When I started recovering from anorexia nervosa, I was convinced that my eating disorder revolved solely around my body. I thought that if I just focused on body acceptance that my problems would be solved.
Early in my recovery, I became immersed in the eating disorder recovery and body acceptance communities on Instagram.
One trend I frequently saw was other people in recovery posting drastic side-by-side full body transformation photos. On one side, there would be a sad, emaciated person, and on the other side there would be the same person looking happy and more nourished. The photos would say something like “suffering” on one side and “thriving” on the other. The captions would explain how awful the person felt in the “emaciated” photo and how their life was completely changed now that they were weight restored.
Another trend that I saw regularly on my feed was individuals having accounts that pretty much solely focused on posting photos of their bodies in either underwear or bikinis.
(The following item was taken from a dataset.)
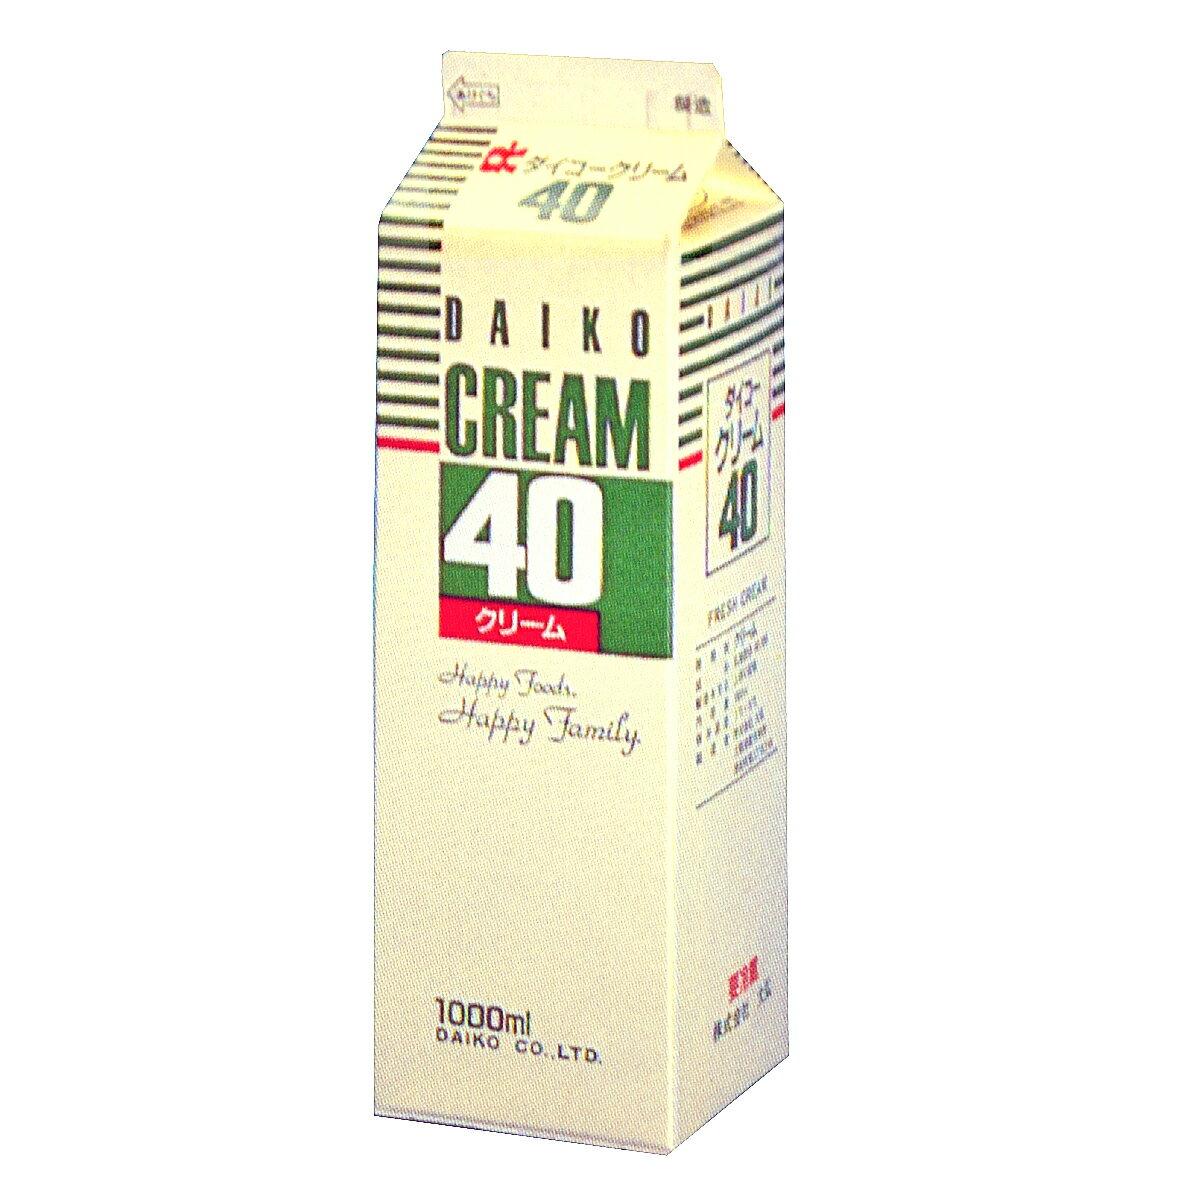 【注文後取り寄せ商品】【生クリーム】ダイコークリーム40(乳脂肪分40%) 1L

The captions would say things like how now that they’ve started sharing these kinds of photos, their lives have drastically changed and they’ve been able to find freedom.
The problem with both of these trends is that they reinforce the idea that eating disorders are solely about food and weight, when in actuality, they go much deeper than this. In fact, for some people, eating disorders aren’t about weight at all. In addition, some people’s bodies never change either during their eating disorder or during recovery. While weight restoration is a major accomplishment that should be celebrated, weight restoration doesn’t equal recovery and doesn’t equal mental progress.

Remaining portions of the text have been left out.